Of the 1401 patients in the RACECAT trial, 314 were found to have had a hemorrhagic stroke. Of these, 173 patients had been randomly assigned to the "drip-and-ship" protocol and 141 to the "direct to mothership" protocol. 

Patients in the two groups had similar baseline characteristics — except that those assigned to the "mothership" protocol arrived at the hospital 40 minutes later than those taken to a local stroke center.  

Results showed nonsignificant trends toward a worse outcome on the mRS shift analysis (odds ratio [OR] 1.5; 95% CI, 0.99 - 2.25) and higher mortality (OR 1.5; 95% CI, 0.98 - 2.43) in the "mothership" group at 90 days.

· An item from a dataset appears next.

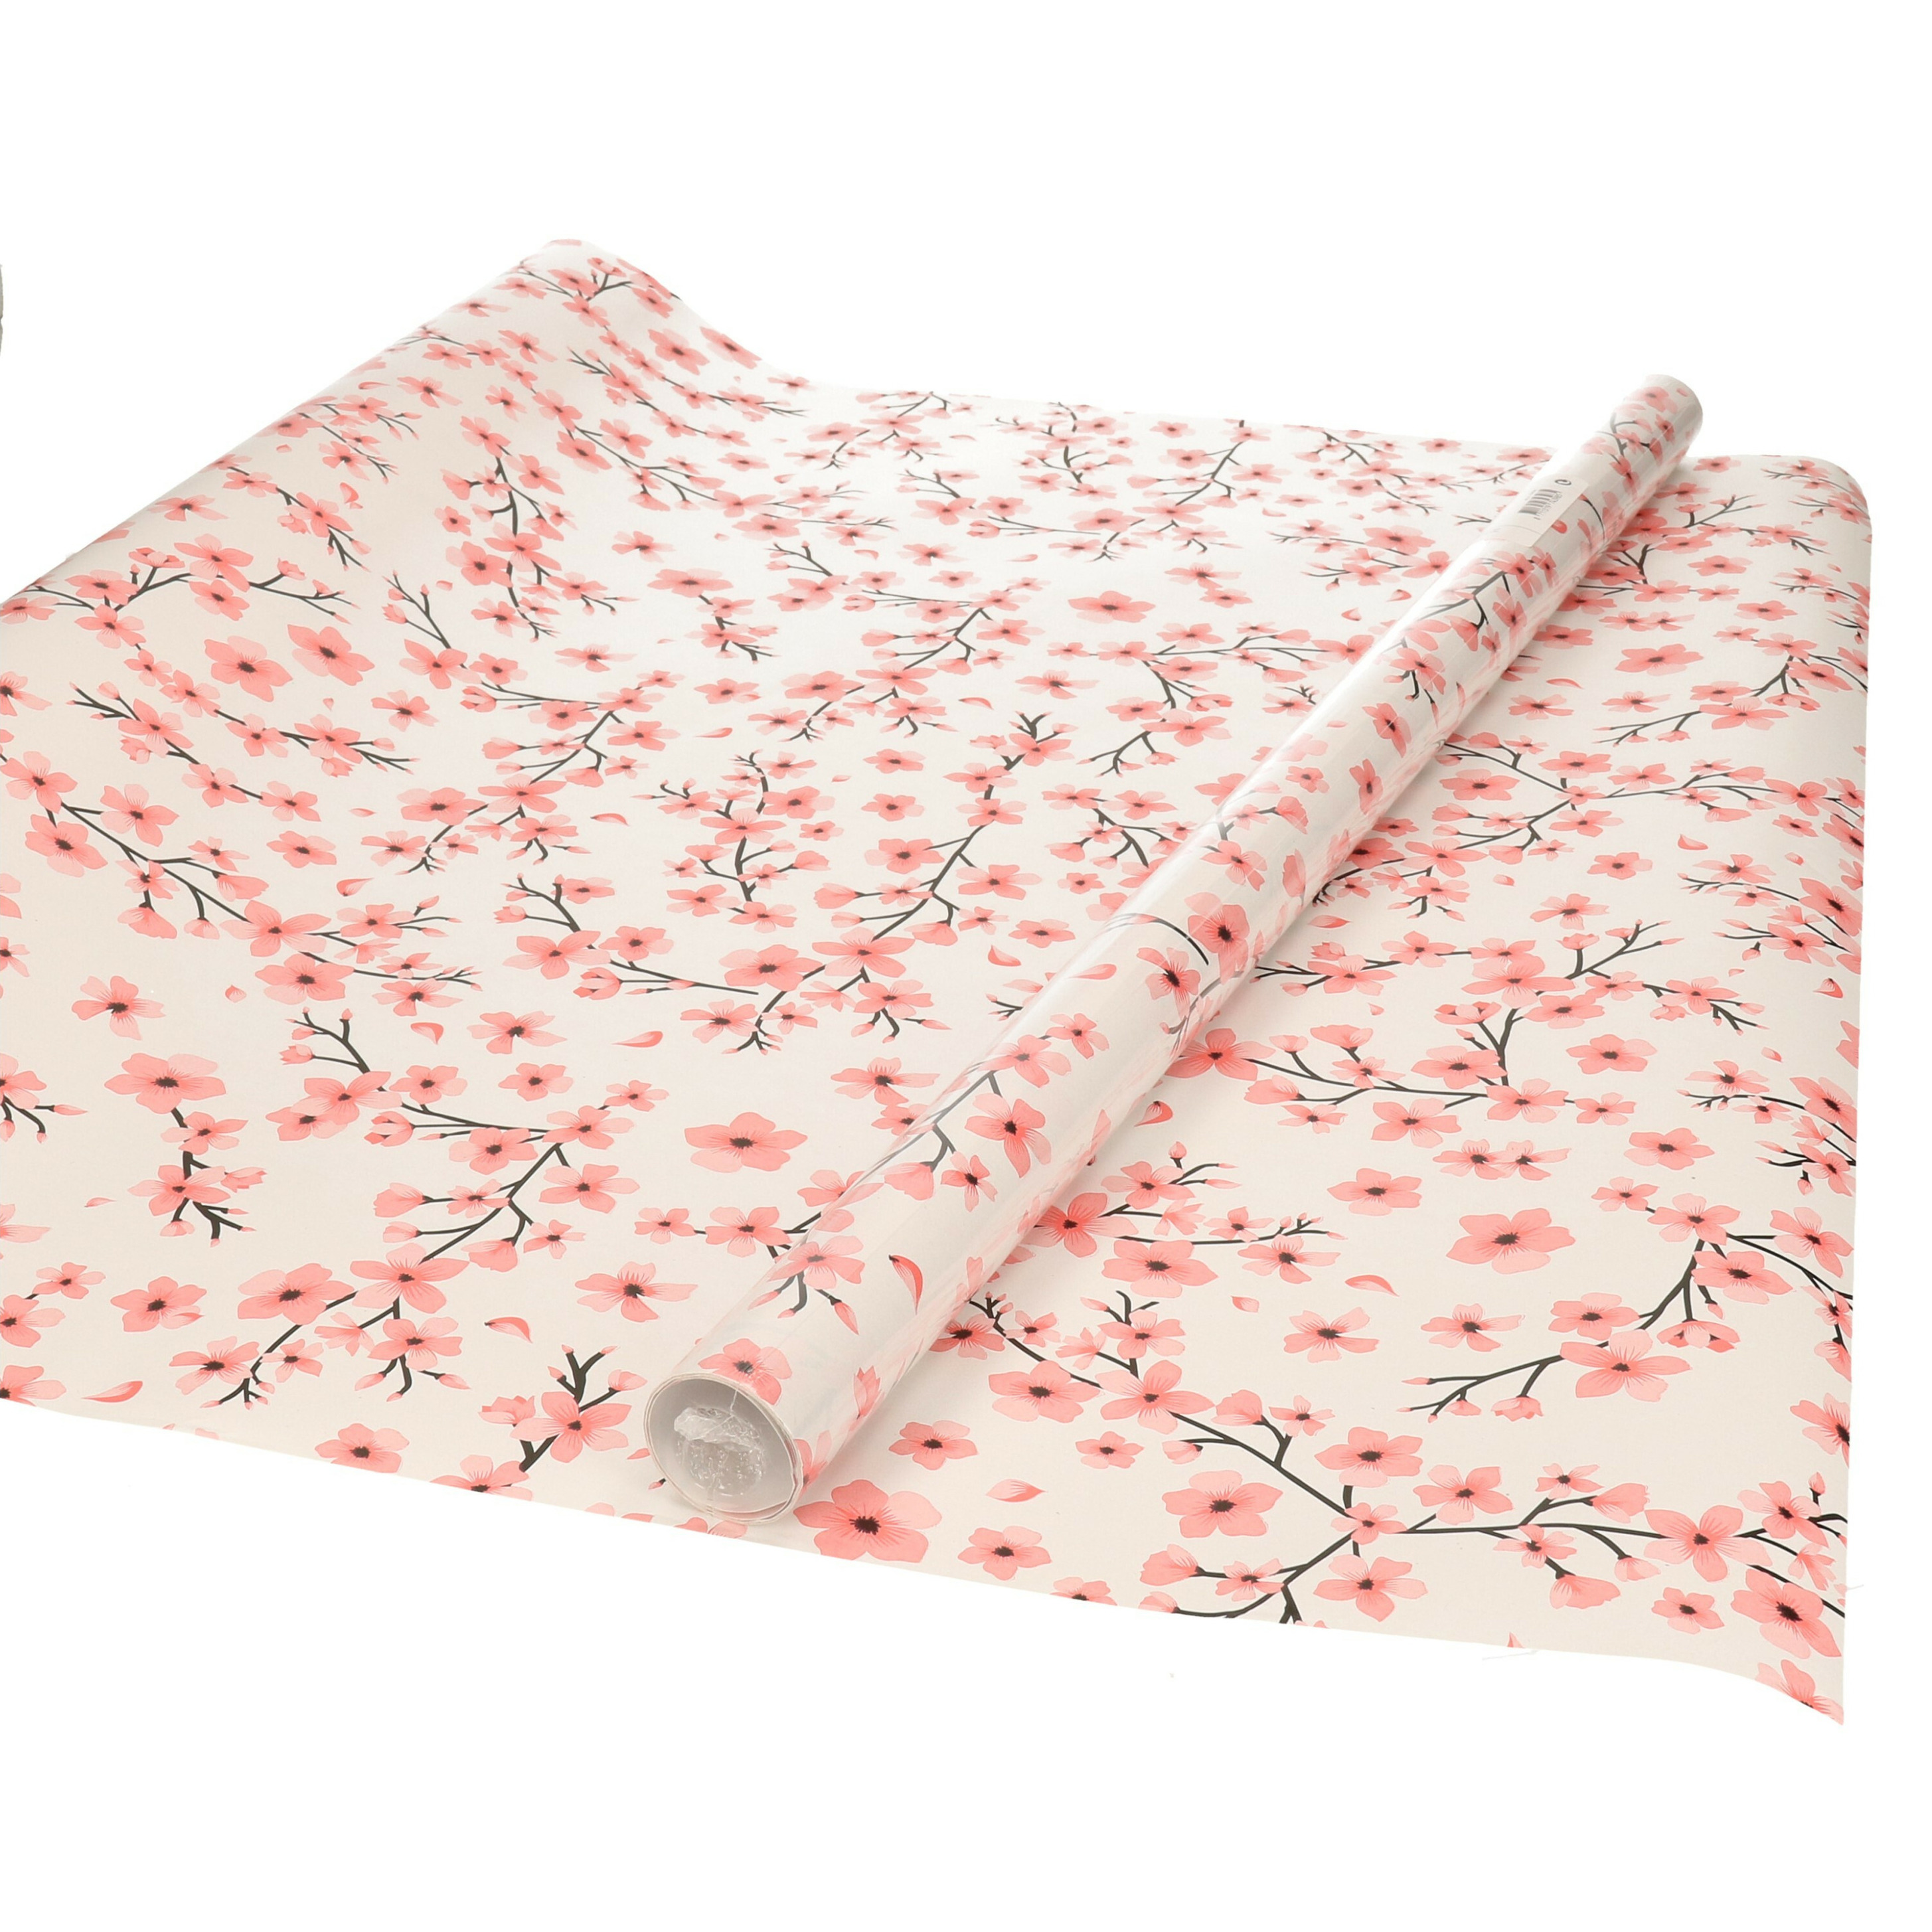 Inpakpapier/cadeaupapier - wit met roze bloemen design - 200 x 70 cm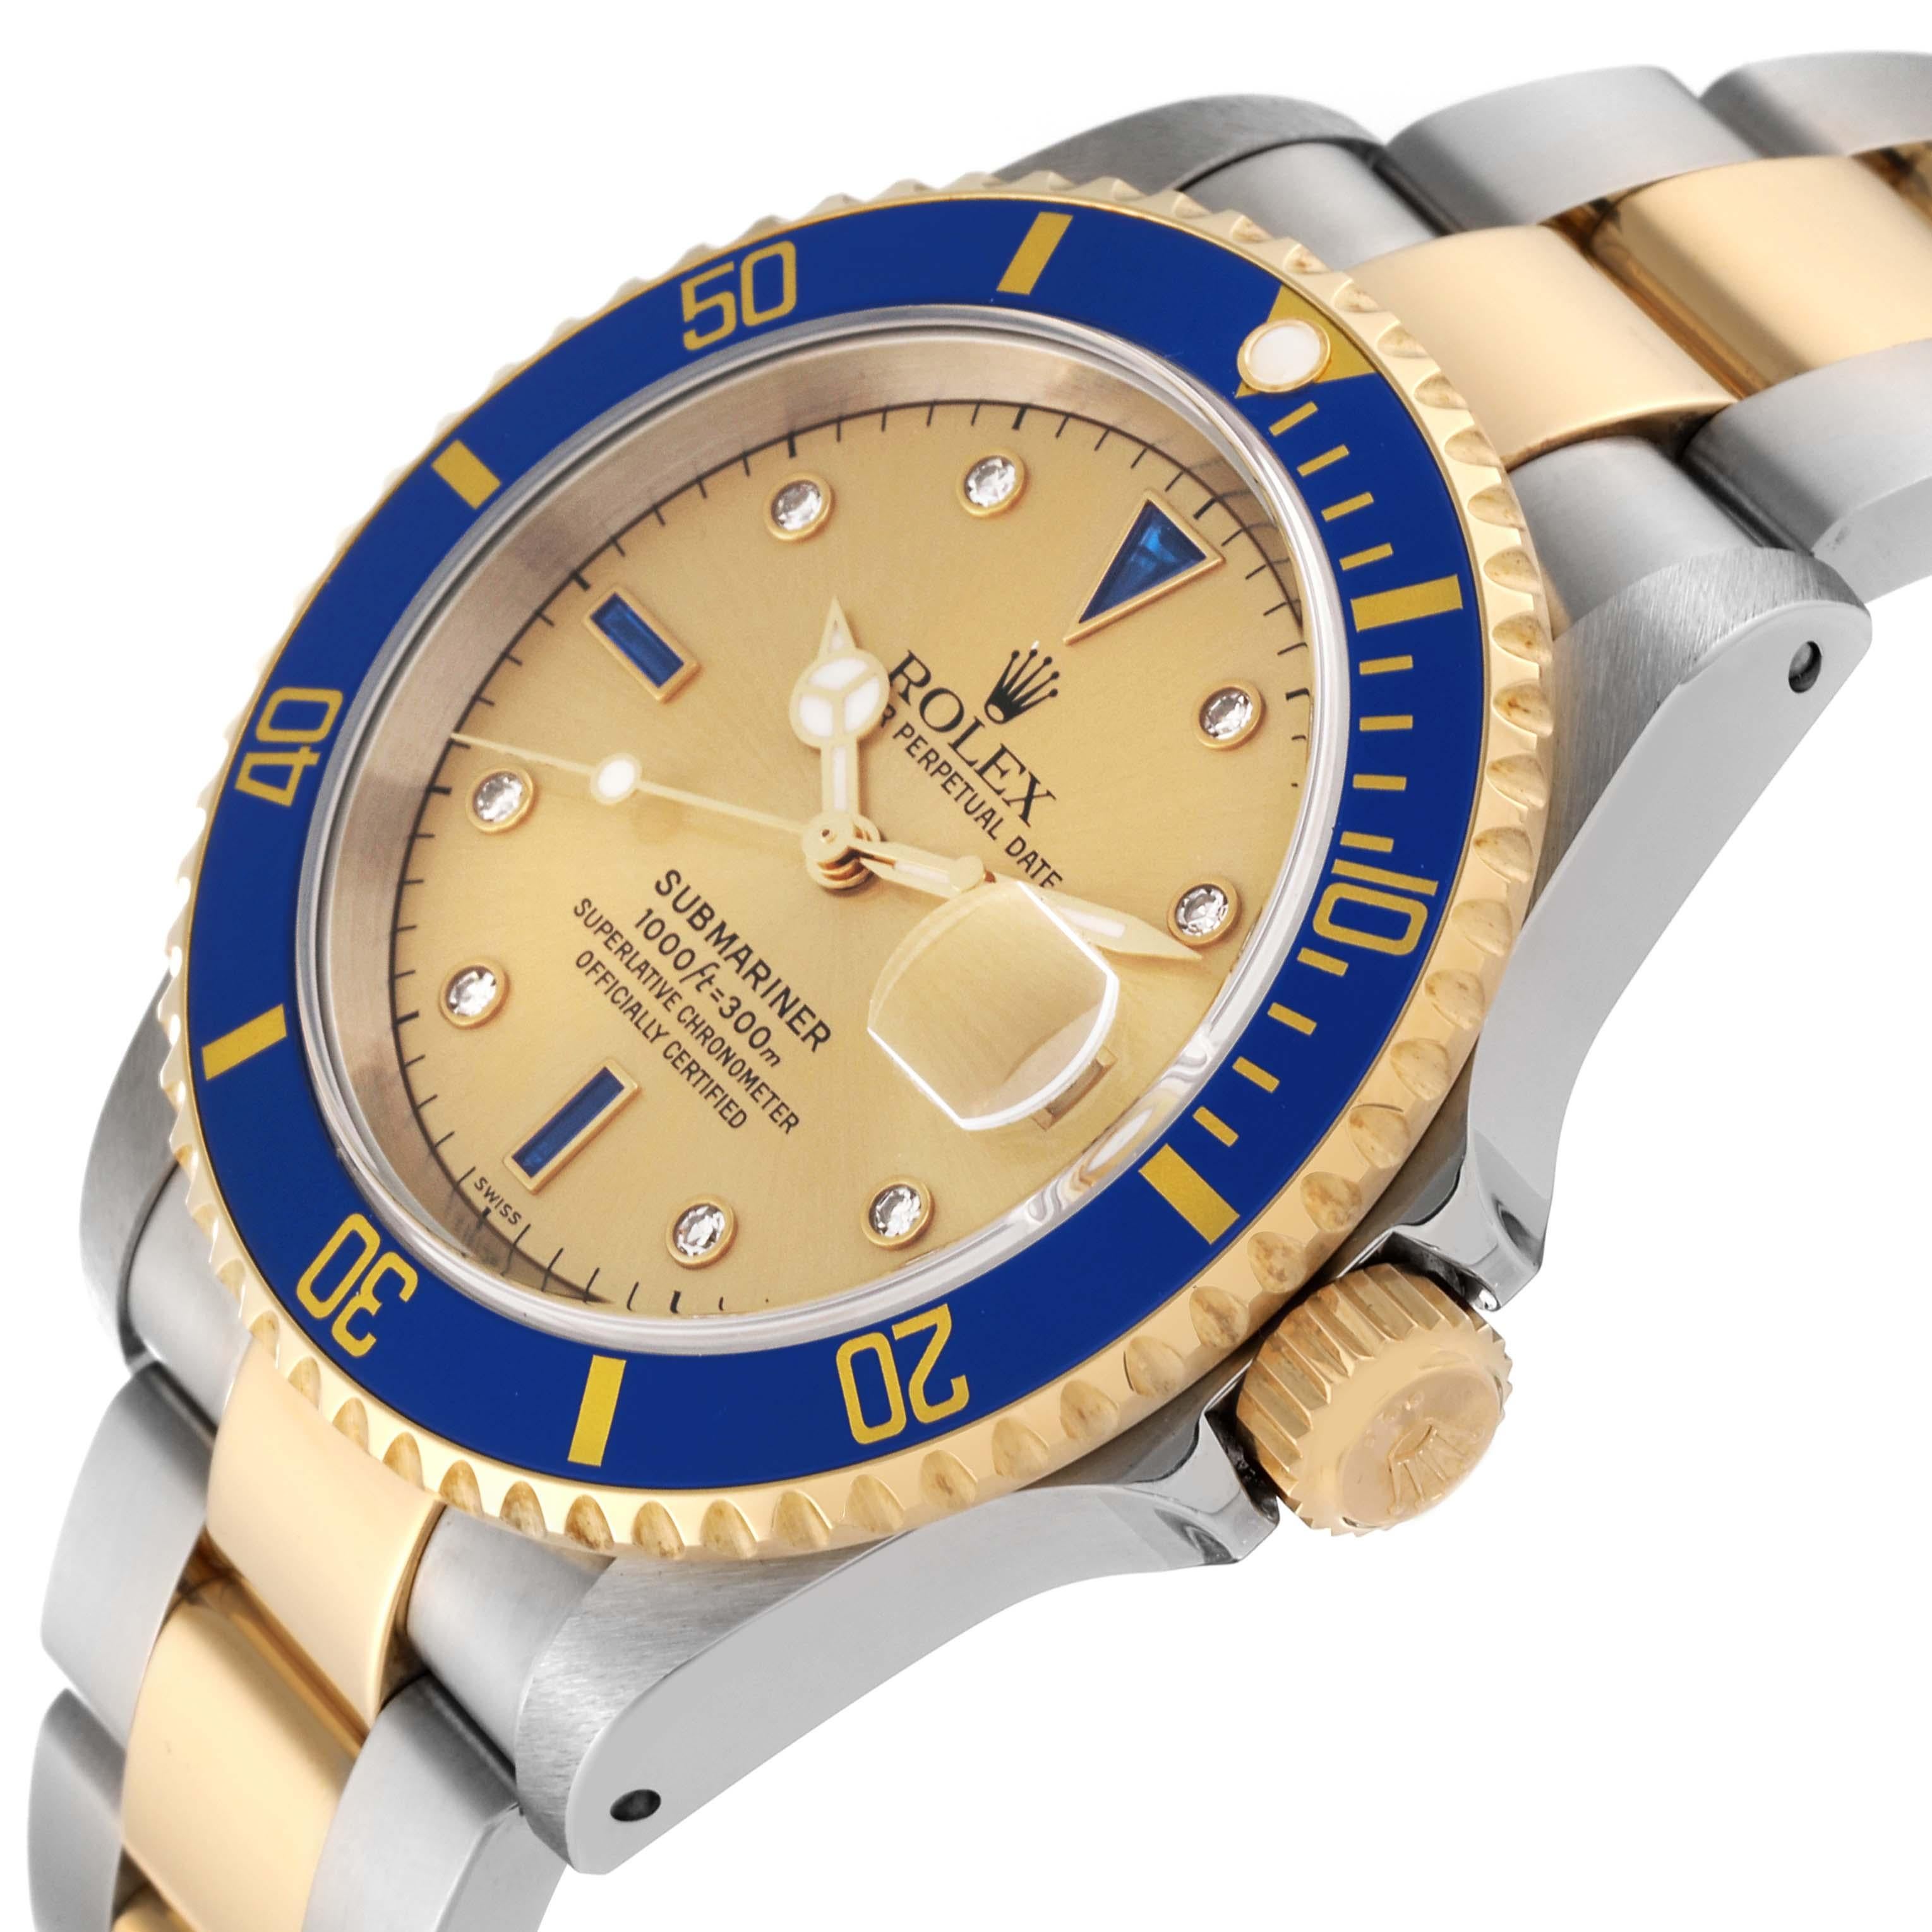 Rolex Submariner Steel Yellow Gold Diamond Serti Dial Watch 16613 Unworn NOS For Sale 2

In another analysis of the 302 patients found to have an ICH, after excluding 12 patients with subarachnoid hemorrhage from the total hemorrhagic stroke group, there was both a significantly worse functional outcome on the shift mRS scale (OR, 1.58; 95% 1.04 - 2.41), and higher mortality (OR, 1.59; 95% CI, 1.00 - 2.53) with the "mothership" protocol.

Further analysis showed that neurologic status was similar in the two groups during the first days of hospitalization, so the worse outcomes in the "mothership" group were not a result of early deterioration, Ramos-Pachon noted. In addition, hematoma volume and growth were similar in the two groups.  

But patients in the mothership protocol experienced a fourfold higher rate of transfer complications (22% vs 4%) and a twofold higher rate of pneumonia (35% vs 17%).  

Ramos-Pachon pointed out that these results were from a population of patients with severe stroke symptoms (RACE score of 5 or above) who could be suspected of having a large volume occlusion stroke. The results may also not apply to different geographical areas where transport times are different.

She also noted that paramedics in the ambulances in the Catalonia region are not allowed to give drug treatments during the transfer.

Commenting on the study, Urs Fischer, MD, chairman of the department of neurology at the University Hospital Basel, Switzerland, said this was important information because in some other countries, paramedics are allowed to perform intubation and give IV medications that can help stabilize the patient.  

Fischer also agreed that greater use of mobile stroke units may help the situation. "Doing a CT in the ambulance would allow hemorrhagic stroke patients to be referred to the nearest hospital for fast treatment," he said.  

Evidence Against a "Mothership" Approach

Commenting on these findings, Alastair Webb, BM BCh, professor of neurology at the University of Oxford's Wolfson Centre for Prevention of Stroke and Dementia, United Kingdom, said these latest results from RACECAT provided evidence against introducing a "mothership" approach to all unselected severe stroke patients in the absence of prehospital imaging.

"As a subgroup analysis in a limited population, with an overall null effect in all patients, the evidence is not at all conclusive, but for now the suggestion that the longer transfers could harm some patients makes it hard to justify significant service reorganizations to a 'mothership' approach, given any benefits of doing so are unproven," Webb noted.

"More research is definitely needed," he added, "which will have to be tailored to each regional stroke service given geographic and healthcare differences."

The RACECAT trial was supported by Fundacio Ictus Malaltia Vascular through an unrestricted grant from Medtronic. Ramos-Pachon reports receiving funding from Instituto de Salud Carlos III.

European Stroke Organisation Conference 2022. Abstract presented May 6, 2022.